From Bugzilla Helper: User-Agent: Mozilla/5.0 (Windows; U; Windows NT 5.0; it-IT; rv:1.7.5) Gecko/20041110 Firefox/1.0 Description of problem: Sometimes on boot the postgresql service is reported as failed even though it has been properly started. This happens only if the startup of previous services loads the server, expecially the hard disks, so that the postgresql startup becomes pretty slow. Version-Release number of selected component (if applicable): postgresql-8.0.3-1 How reproducible: Sometimes Steps to Reproduce: Not easy. You need a series of heavy services starting before postgresql. Actual Results: Service reported as failed, but it's started correctly instead. Expected Results: Service started and reported as ok. Additional info: This is not the same as previous similar bugs already present in the bug database, even though it looks similar. I've checked in the /etc/init.d/postgresql and found the cause of the problem being around these lines: $SU -l postgres -c "$PGENGINE/postmaster -p '$PGPORT' -D '$PGDATA' ${PGOPTS} &" >> "$PGLOG" 2>&1 < /dev/null sleep 2 pid=`pidof -s "$PGENGINE/postmaster"` The fixed sleep isn't enough if the server gets loaded. So I added the following code snippet just after the lines above (original indentation lost, sorry): while [ "$pid" == "" -a $try -le 10 ]; do sleep 2 pid=`pidof -s "$PGENGINE/postmaster"` done This forces the script to wait another 20 seconds, while checking every 2 seconds, if the first try fails. The 2 seconds check avoid waiting too much, thus slowing down the boot process, if the postgresql server starts quickly. Of course it's still just an hack, busy waiting isn't a good solution, but it's better than having an unnecessary fixed long wait. Hope it helps.
That script looks a bit shy of a load ... don't you need some more code to maintain the $try variable? But I follow your idea, and it seems reasonable. I'll throw something like this into the next update.
Ops, sorry, clearly I forgot to copy the line with the $try variable increment.
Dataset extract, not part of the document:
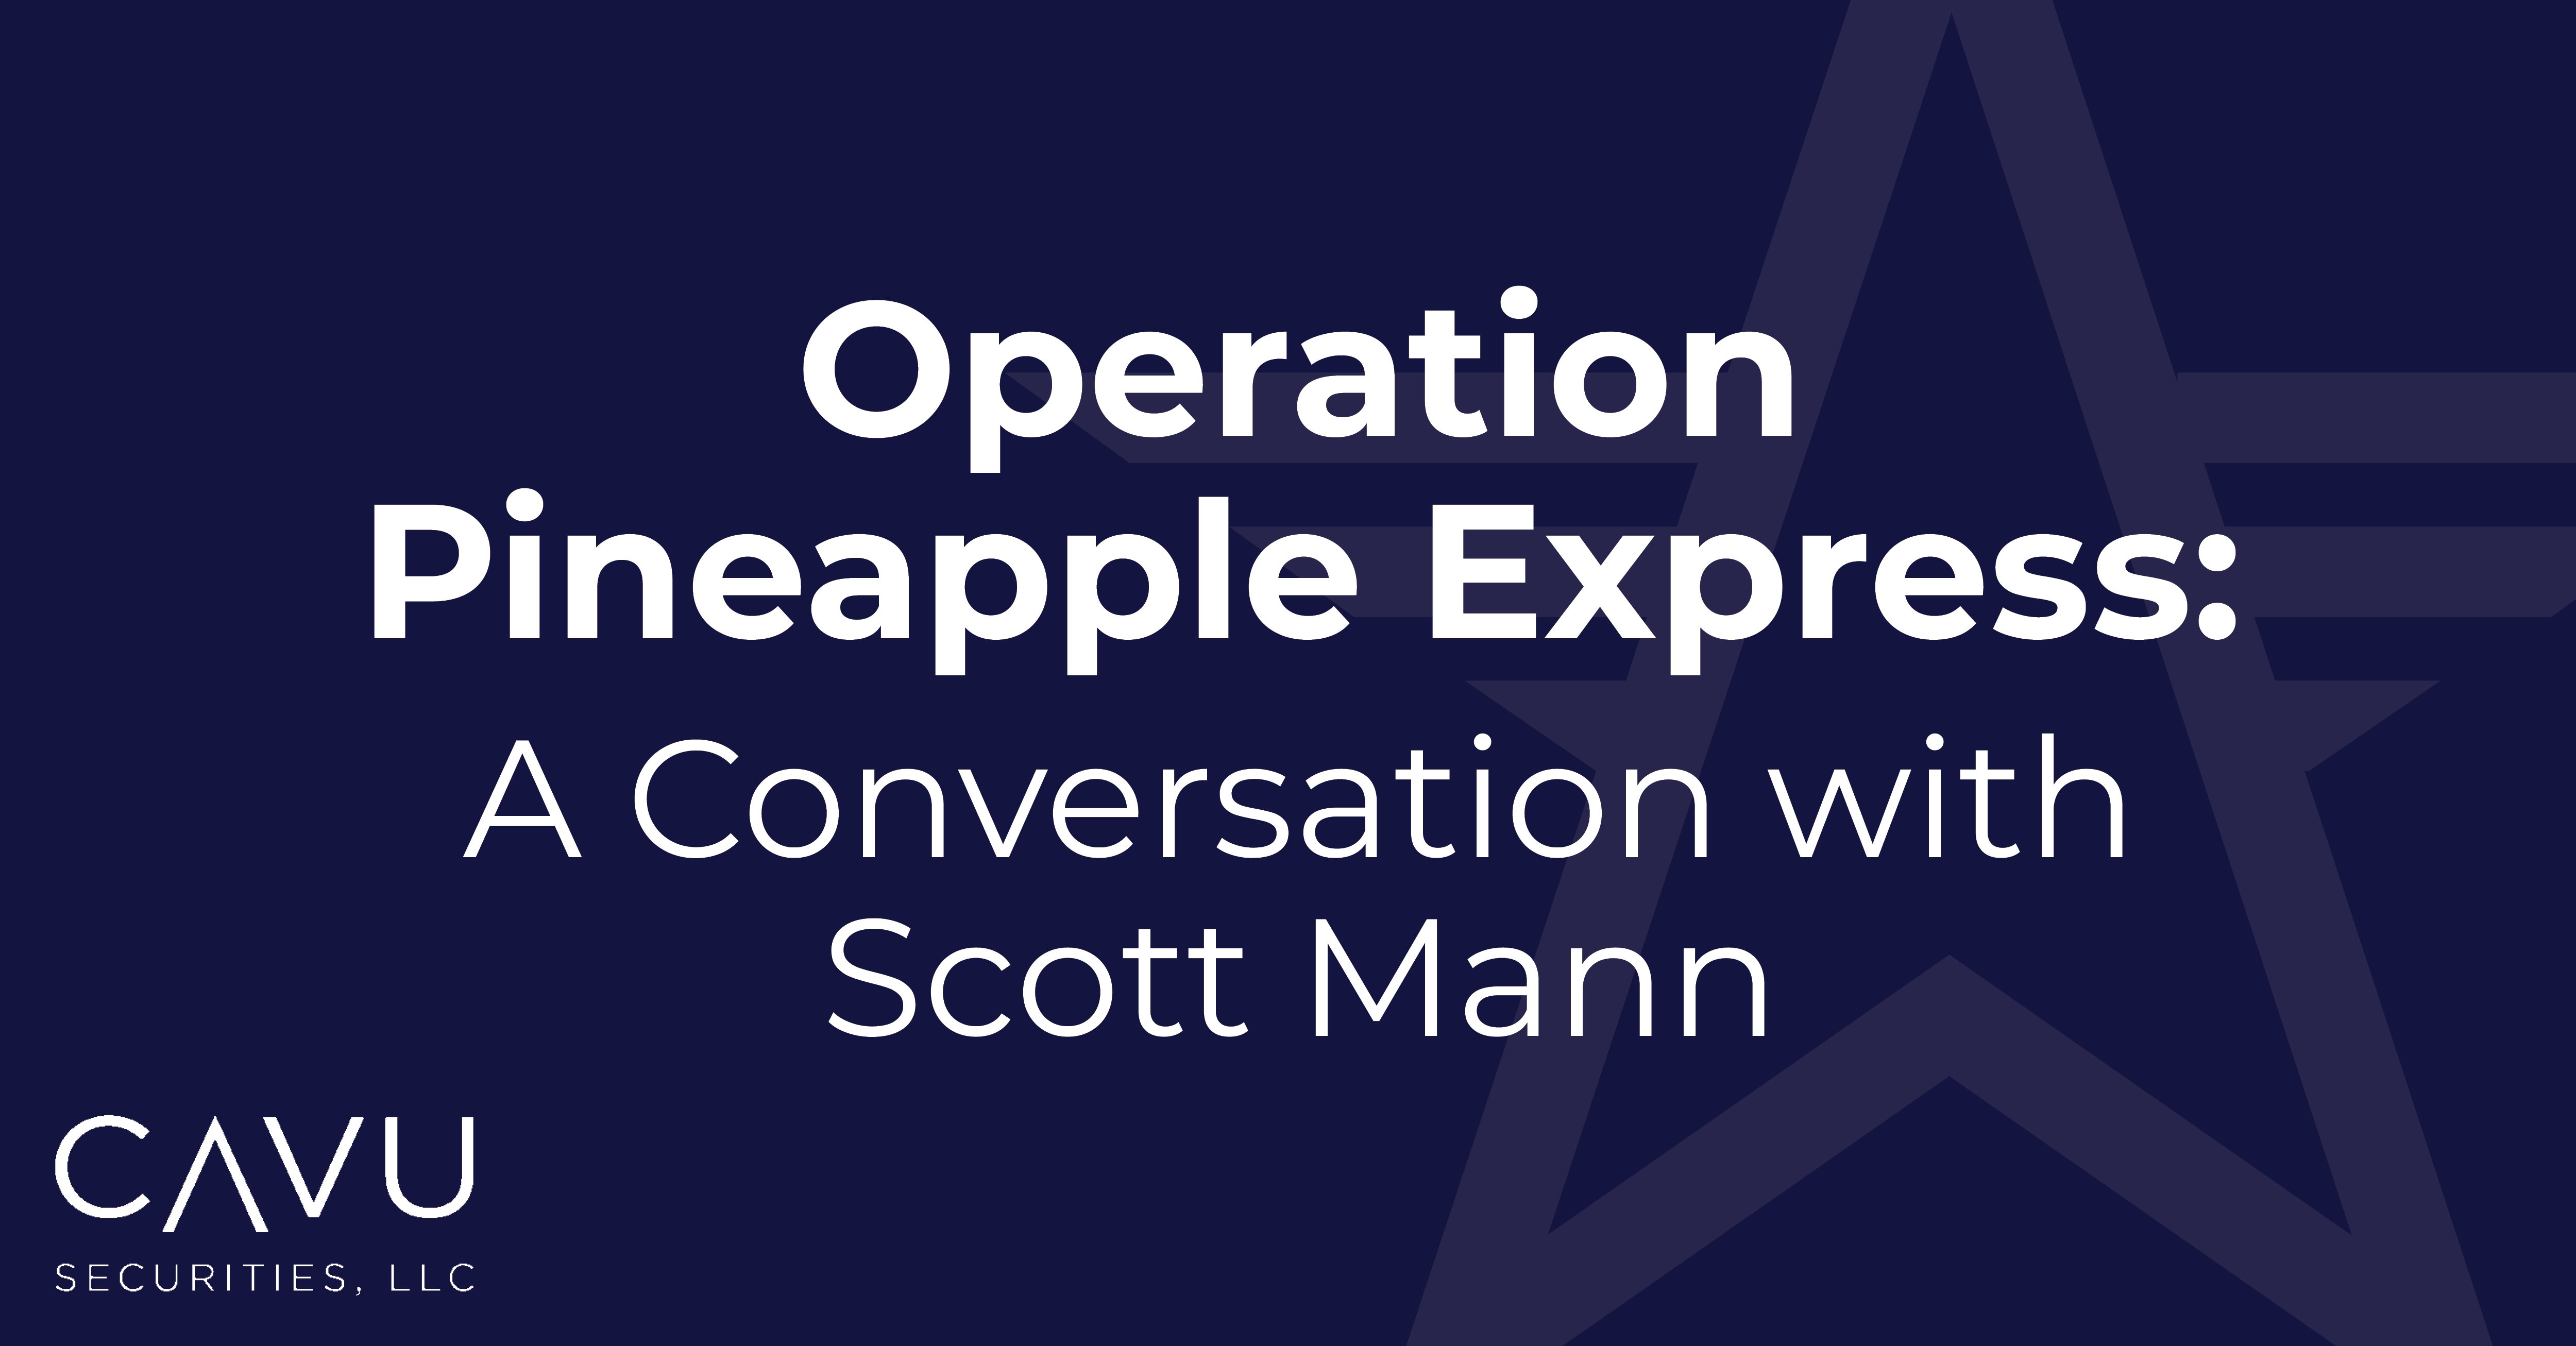 Operation Pineapple Express: A Conversation with Scott Mann

I was wondering if there was a better solution, like for example checking also the exit status of the postgresql background process to further speed up the check on failure, but I don't know if it works with process executed by su, and unfortunately I had no time to check.
Checking through my bug list, this is a duplicate of another report; since there is more discussion in the other entry, I'm going to close this one as a duplicate. Please add to bug #166117 if you have any additional comments. *** This bug has been marked as a duplicate of 166117 ***